Signature(s):___________________________________________________________________

Name(s) (please print): ________________________________________________________

Address:________________________________________________________________________

________________________________________________________________________________

Telephone Number:_______________________________________________________________

Taxpayer Identification or Social Security Number: _____________________________

Date:___________________________________________________________________________



                                       I-3

<PAGE>   16



                          NOTICE OF GUARANTEED DELIVERY

                                 With Respect to

                               GRAND CASINOS, INC.
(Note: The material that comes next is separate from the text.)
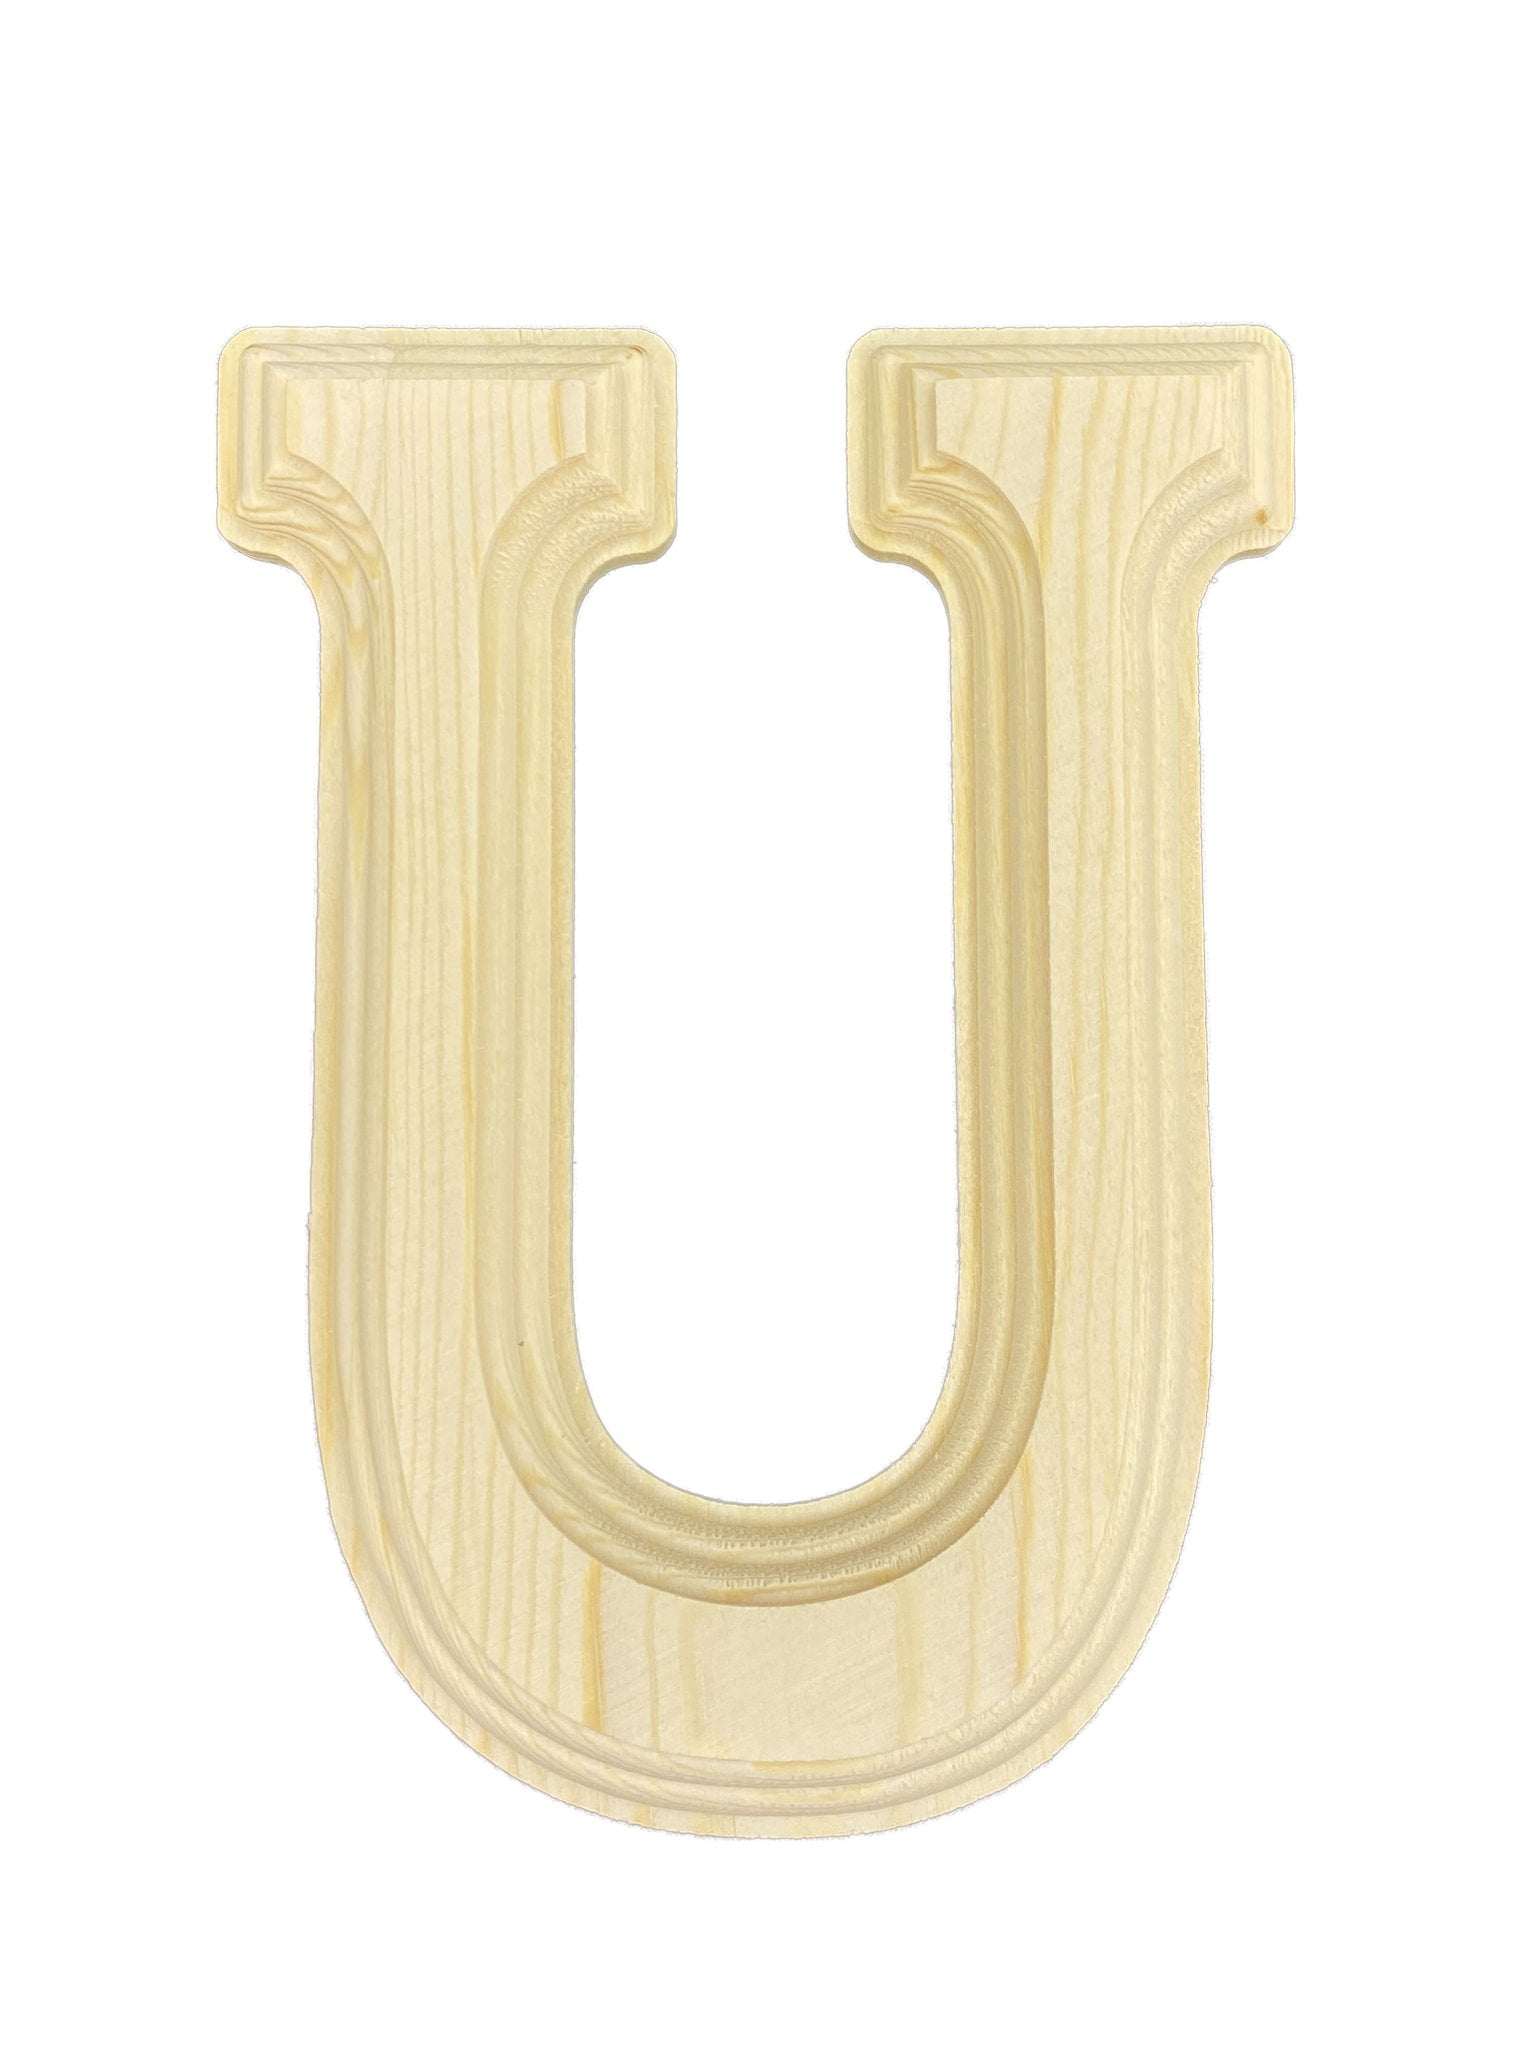 Crafts Central Pine Wood Beveled Wooden Numbers for Arts & Crafts, Decorations and DIY (Number 1)

                         Series A Senior Notes Due 2004

         This form must be used by an Eligible Holder of the Series A Senior
Notes Due 2004 (the "Old Notes") of Grand Casinos, Inc. (the "Company") who
wishes to tender Old Notes to the Exchange Agent pursuant to the guaranteed
delivery procedures described in "THE EXCHANGE OFFER - Guaranteed Delivery
Procedures" of the Prospectus dated ________, 1997 (the "Prospectus") and in
Instruction 2 to the Letter of Transmittal. Any Eligible Holder who wishes to
tender Old Notes pursuant to such guaranteed delivery procedures must ensure
that the Exchange Agent receives this Notice of Guaranteed Delivery prior to
5:00 p.m. New York City time on the Expiration Date of the Exchange Offer. Any
Eligible Holder providing this Notice of Guaranteed Delivery must also execute
and deliver a Letter of Transmittal herewith. Capitalized terms not defined
herein have the meanings ascribed to them in the Prospectus or the Letter of
Transmittal.

             To: FIRSTAR BANK OF MINNESOTA, N.A., Exchange Agent
                              101 East Fifth Street
                         St. Paul, Minnesota 55101-1860
                    Attention: Corporate Trust Administration
                          Telecopier No. (612) 229-6415

          A DULY COMPLETED AND EXECUTED LETTER OF TRANSMITTAL MUST BE
               DELIVERED WITH THIS NOTICE OF GUARANTEED DELIVERY.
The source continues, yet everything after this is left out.